In our view, claimant's allegations regarding the failure to train the SUNY Health Center employees subsequent to the decision to hire them and regarding the failure of the State-employed nurse to follow a de facto protocol to ensure proper diagnosis and treatment by referring patients with particular symptoms to appropriate specialized physicians are grounded in medical malpractice ( see, Smith v Pasquarella, supra, at 783; Perkins v Kearney, supra). However, the portions of claimant's first cause of action, which allege that the State (1) failed to provide/hire/staff competent medical personnel and (2) failed to promulgate rules, regulations, protocols and procedures regarding referrals, are firmly based in negligence and should not have been classified as medical malpractice causes of action or deemed time barred by the 21/2-year Statute of Limitations ( see, Bleiler v Bodnar, 65 NY2d 65, supra; Matter of Bates v New York City Health Hosps. Corp., 194 AD2d 422, 423; De Leon v Hospital of Albert Einstein Coll. of Medicine, 164 AD2d 743, 747-749).
Accordingly, the Court of Claims' failure to review the substantive portion of claimant's application for permission to file a late notice of claim warrants remittal. The Court of Claims must determine in its discretion, subject to review by this Court, whether to grant claimant's application ( see, Scalise v State of New York, 210 AD2d 916, 917; Worden v State of New York, 4 AD2d 742).

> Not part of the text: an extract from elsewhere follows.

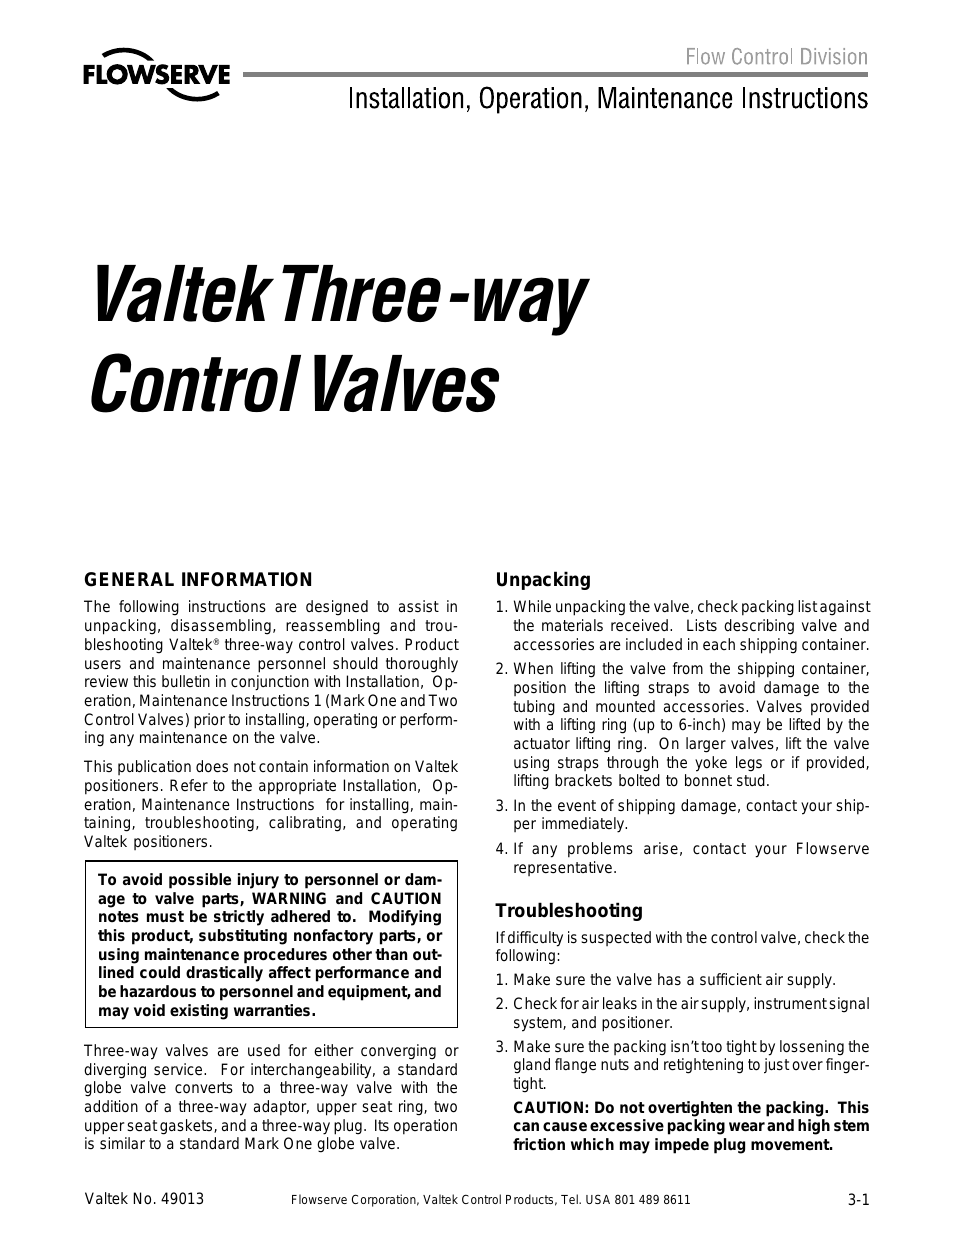 Valtek Mark One Three-way Control Valve

Ordered that the order is modified, on the law, without costs, by reversing so much thereof as held certain portions of claimant's stated negligence cause of action"(1) failure to provide/hire/staff competent medical personnel and (2) failure to promulgate rules, regulations, protocols and procedures regarding referrals — to sound in medical malpractice; matter remitted to the Court of Claims for further proceedings not in-consistent with this Court's decision; and, as so modified, affirmed.